PROBLEM TO WORK ON:
Keep images out and repeat all data exactly.

DATA EXCERPT:
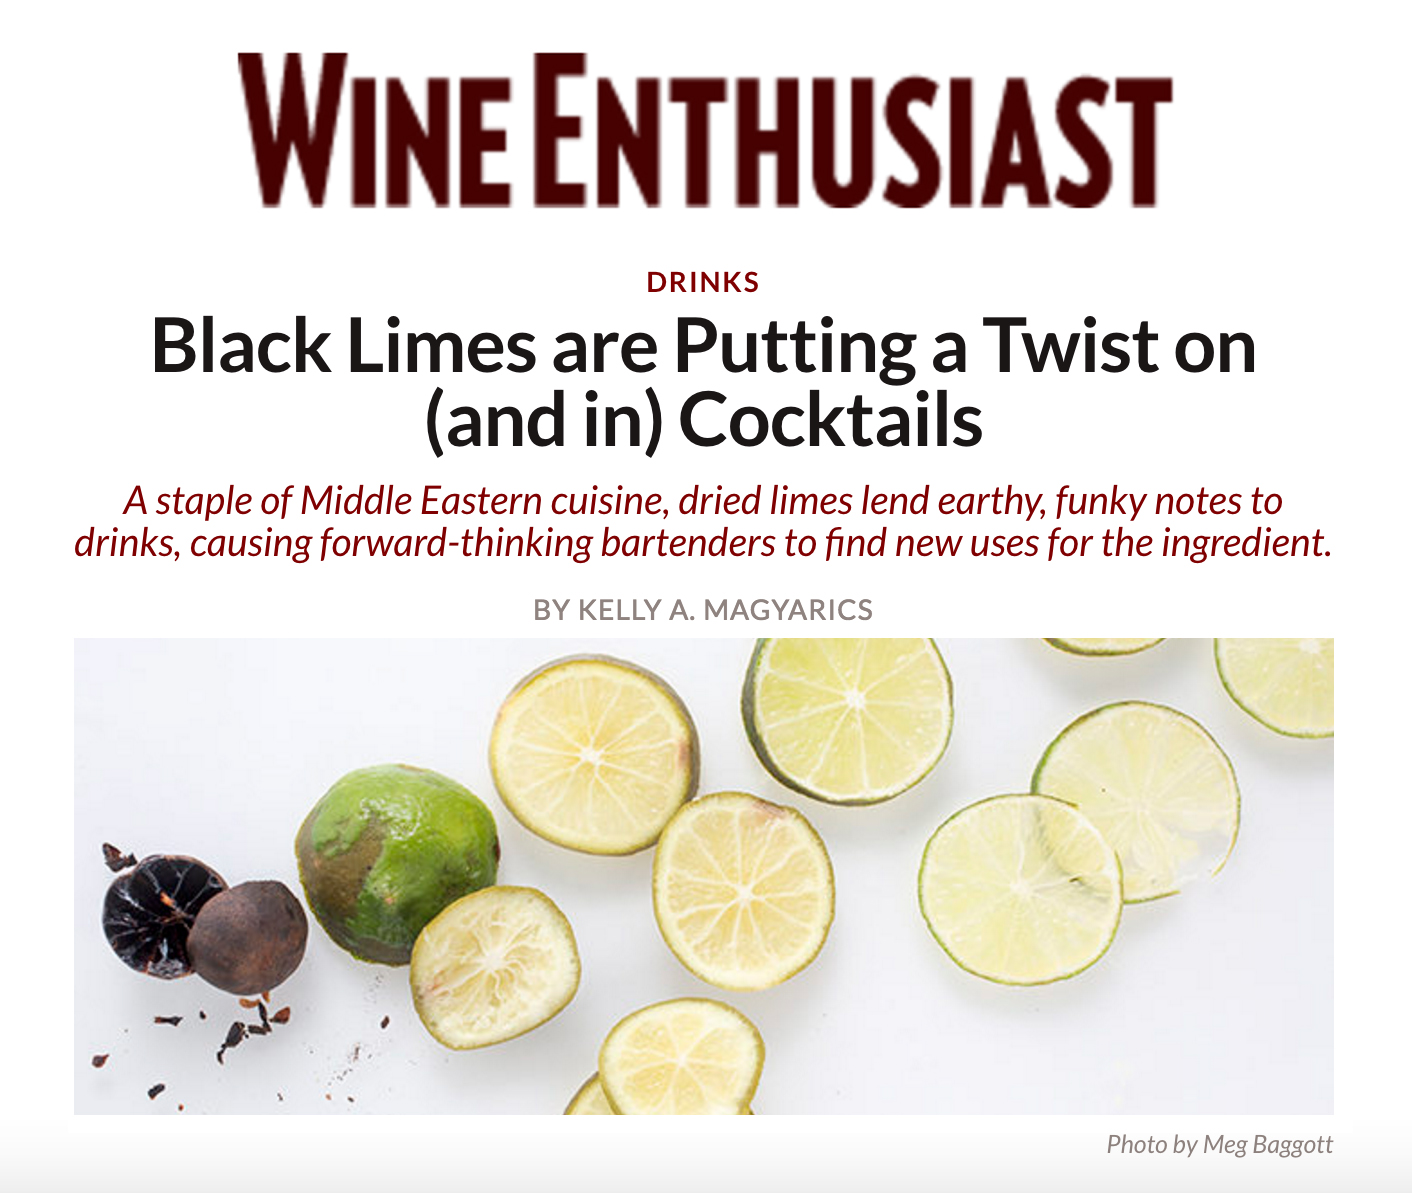 Red Owl Tavern Featured in Wine Enthusiast
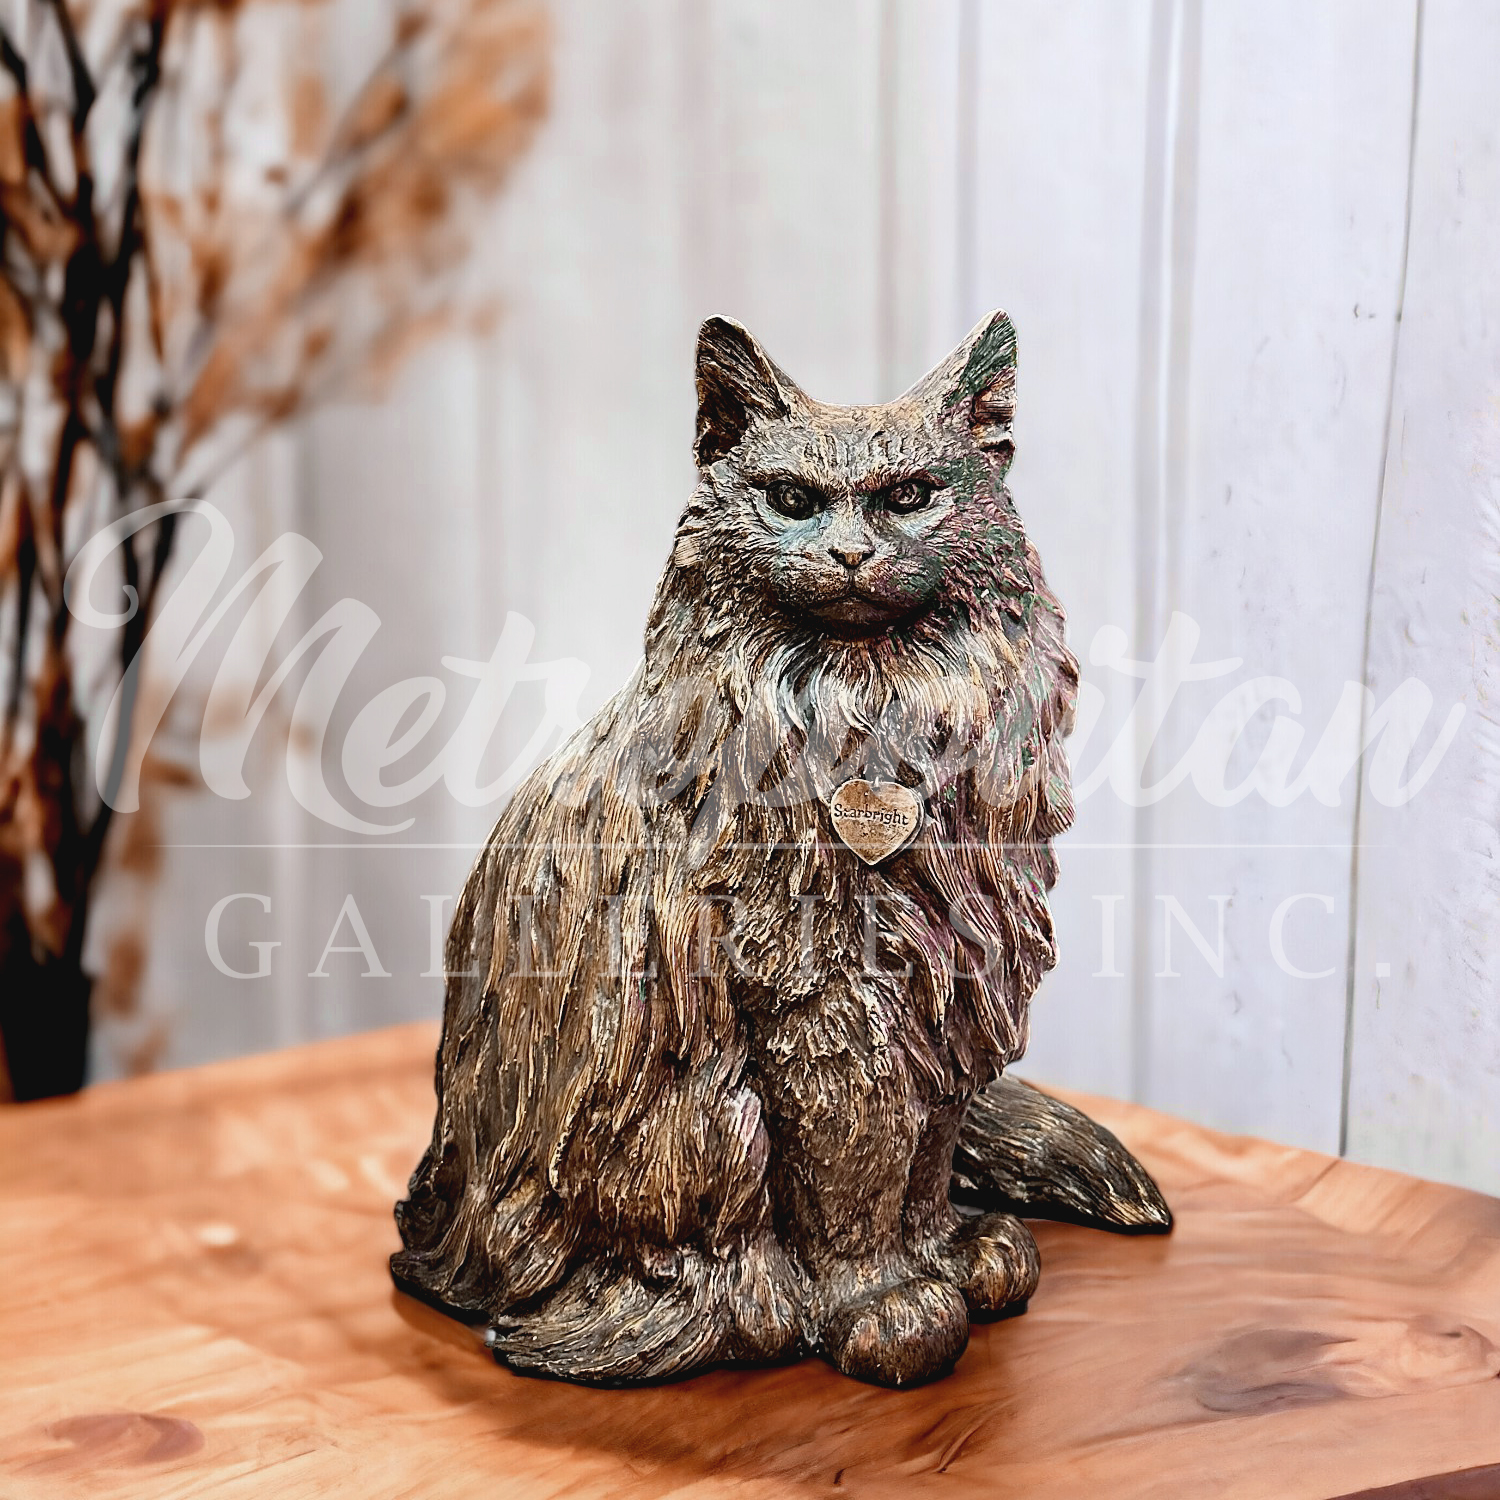 SRB10132 Bronze Starbright Maine Coon Cat Sculpture excludively designed and produced by Metropolitan Galleries Inc Vignette AI WM our beloved kitty
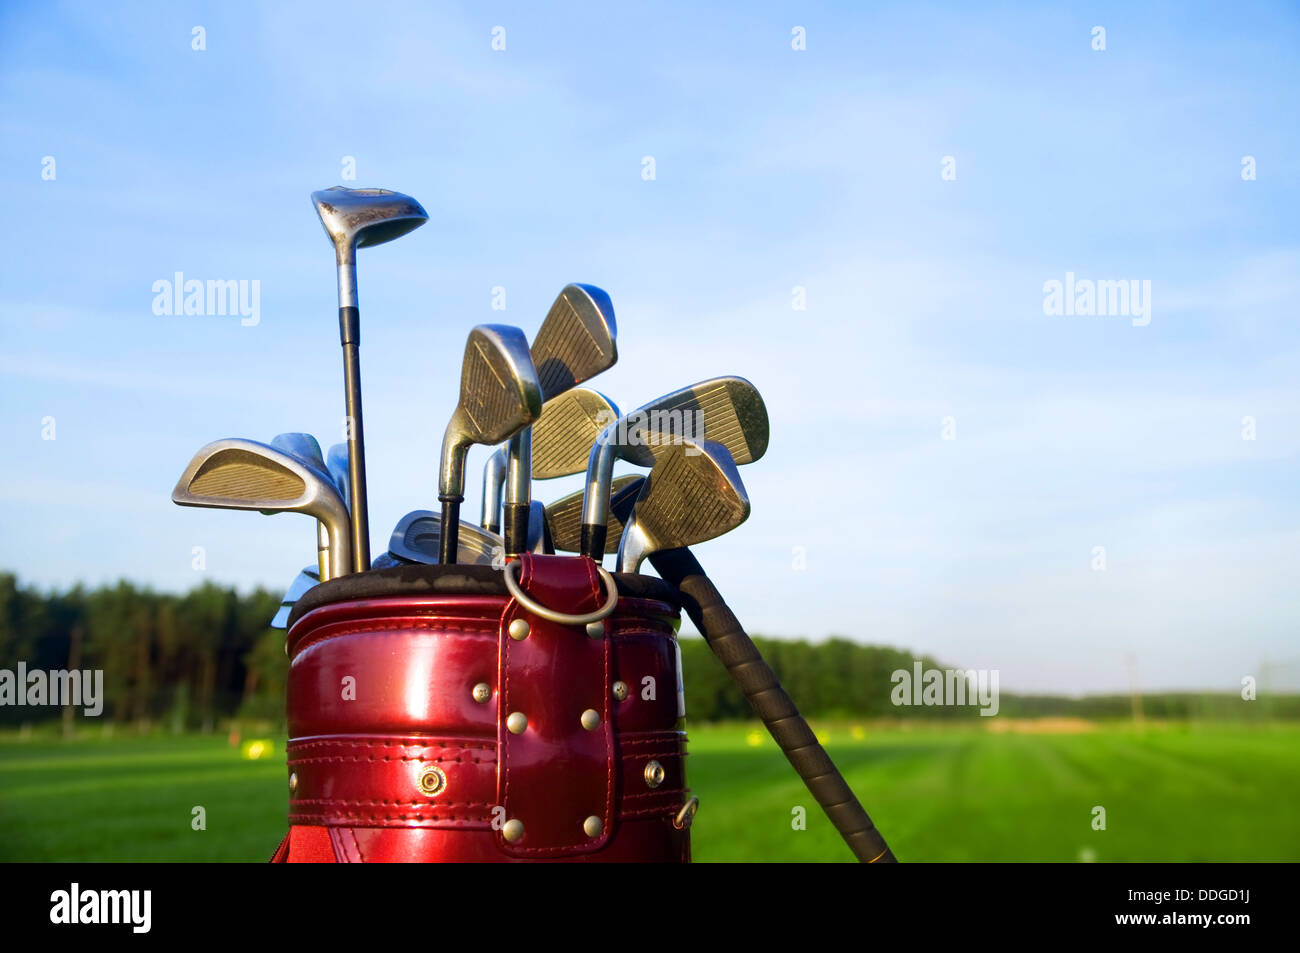 Professional golf clubs in a golf bag on a course. Stock Photo

ANSWER SPACE:
 Red Owl Tavern Featured in Wine Enthusiast
 SRB10132 Bronze Starbright Maine Coon Cat Sculpture excludively designed and produced by Metropolitan Galleries Inc Vignette AI WM our beloved kitty
 Professional golf clubs in a golf bag on a course. Stock Photo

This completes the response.